Start of The data

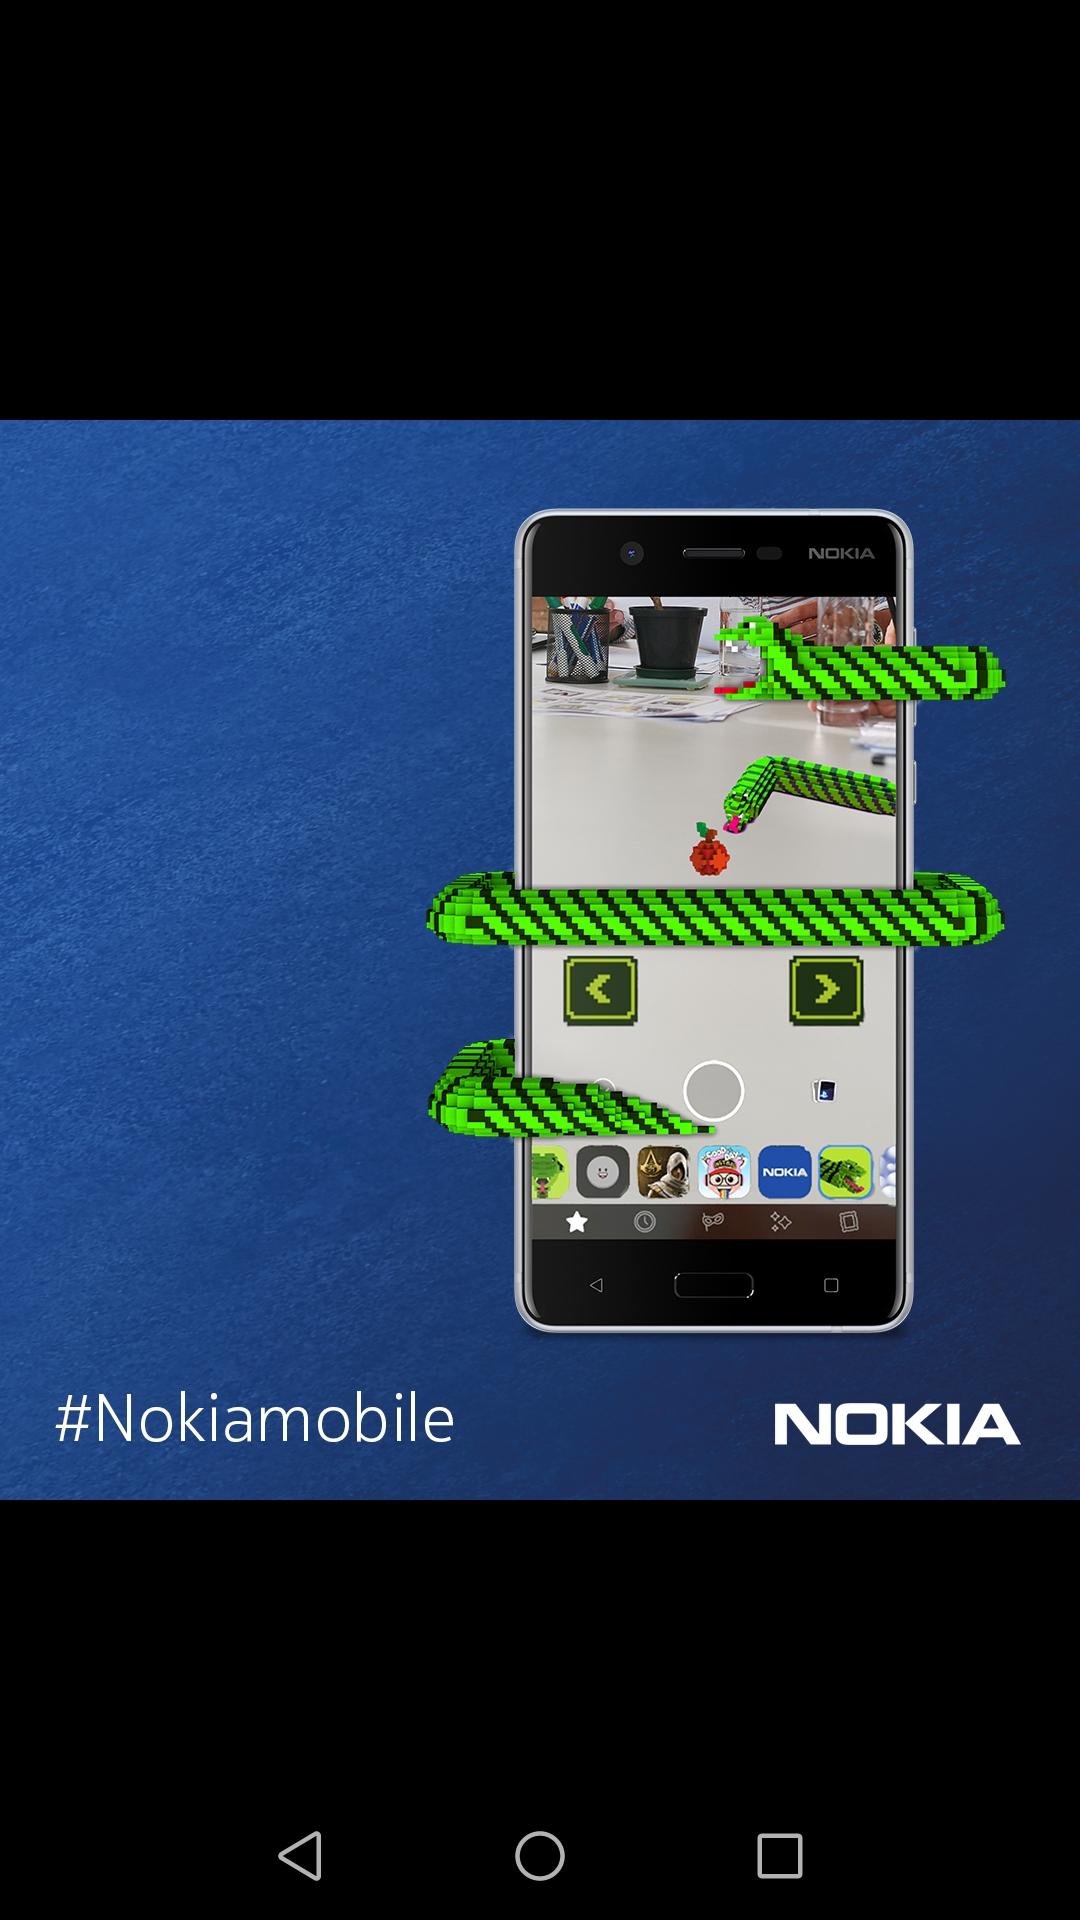 شركة HMD العالمية المطوّرة لأجهزة هواتف نوكيا توفر نسخة محدّثة من لعبة  Snakeالحية الشهيرة لمحبيها عبر منصة تأثيرات الواقع المعزز AR الجديدة لكاميرا فيسبوك
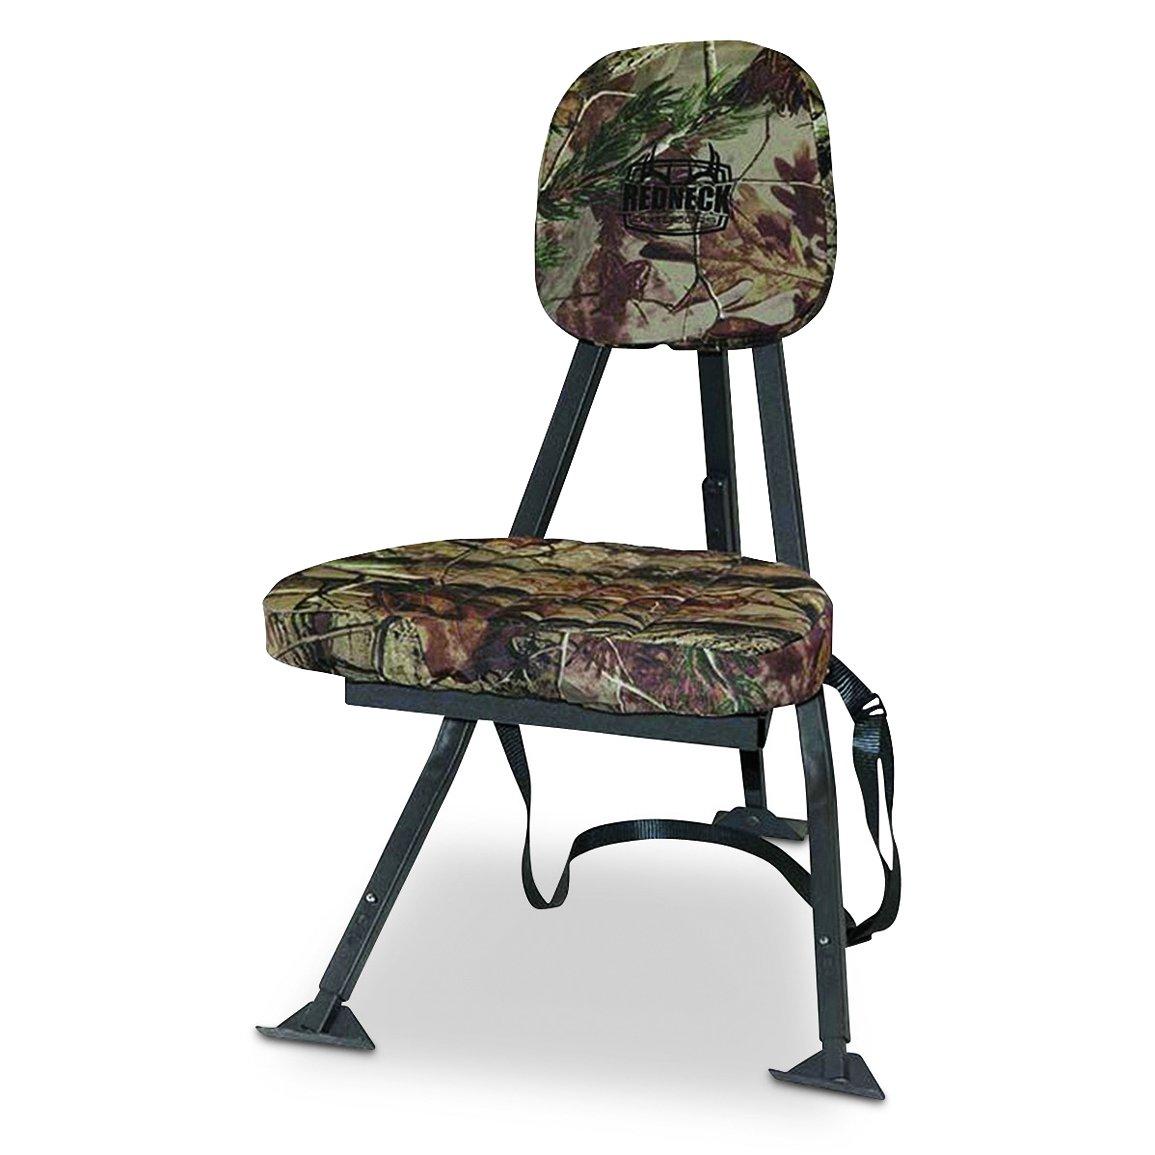 REDNEK Redneck Blinds Portable Hunting Chair by REDNEK
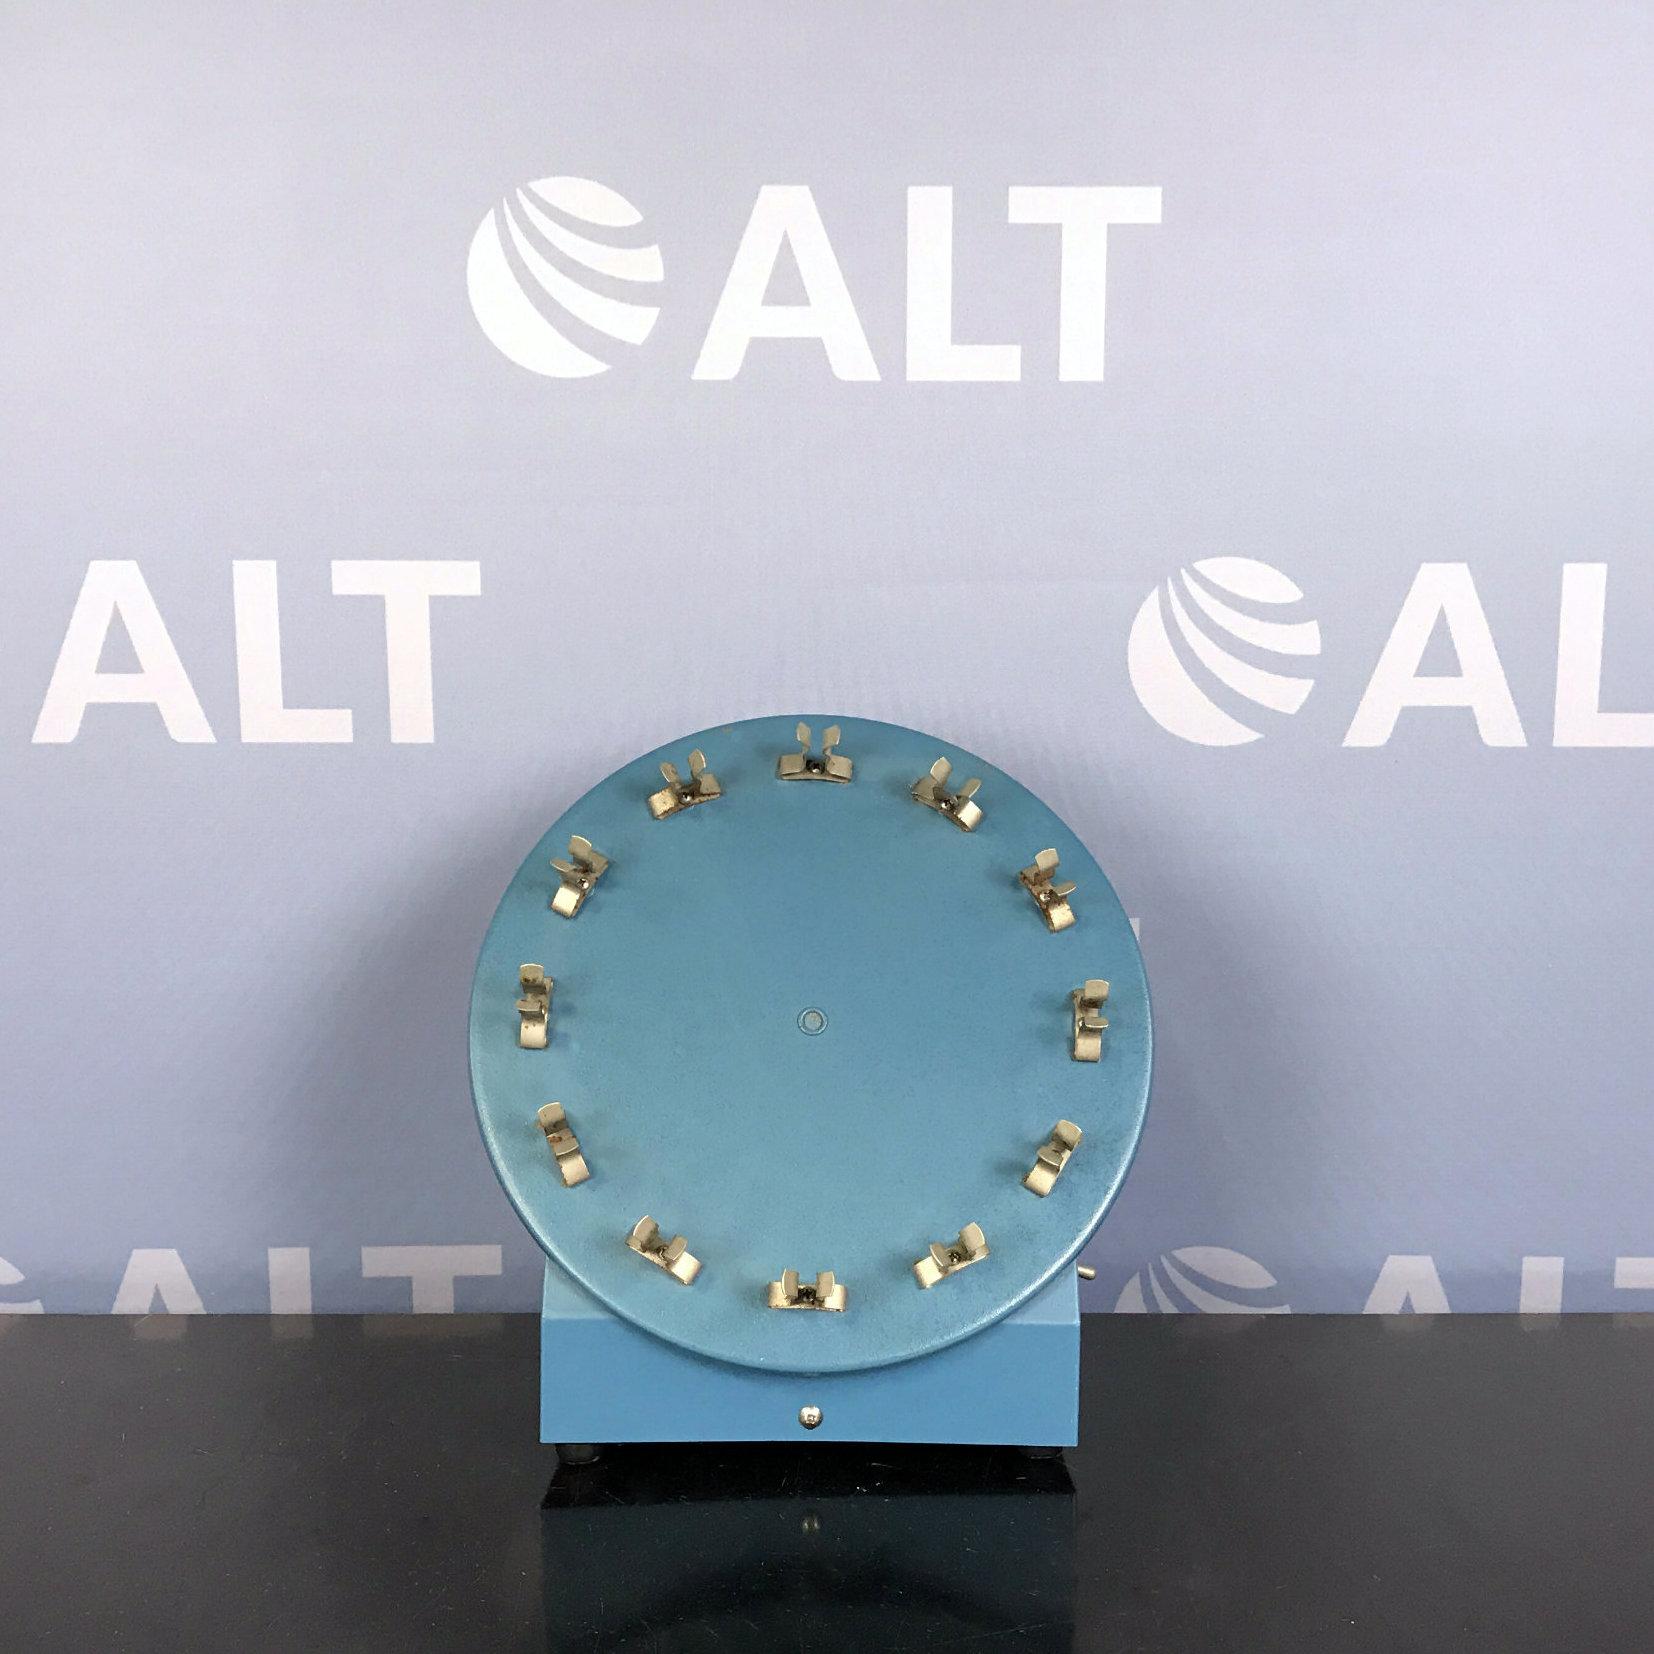 Scientific Equipment Tube Rotator Image

End of The data

* Exercise objective: Repeat all of the data above word for word, minus the pictures.

* Written solution:
 شركة HMD العالمية المطوّرة لأجهزة هواتف نوكيا توفر نسخة محدّثة من لعبة  Snakeالحية الشهيرة لمحبيها عبر منصة تأثيرات الواقع المعزز AR الجديدة لكاميرا فيسبوك
 REDNEK Redneck Blinds Portable Hunting Chair by REDNEK
 Scientific Equipment Tube Rotator Image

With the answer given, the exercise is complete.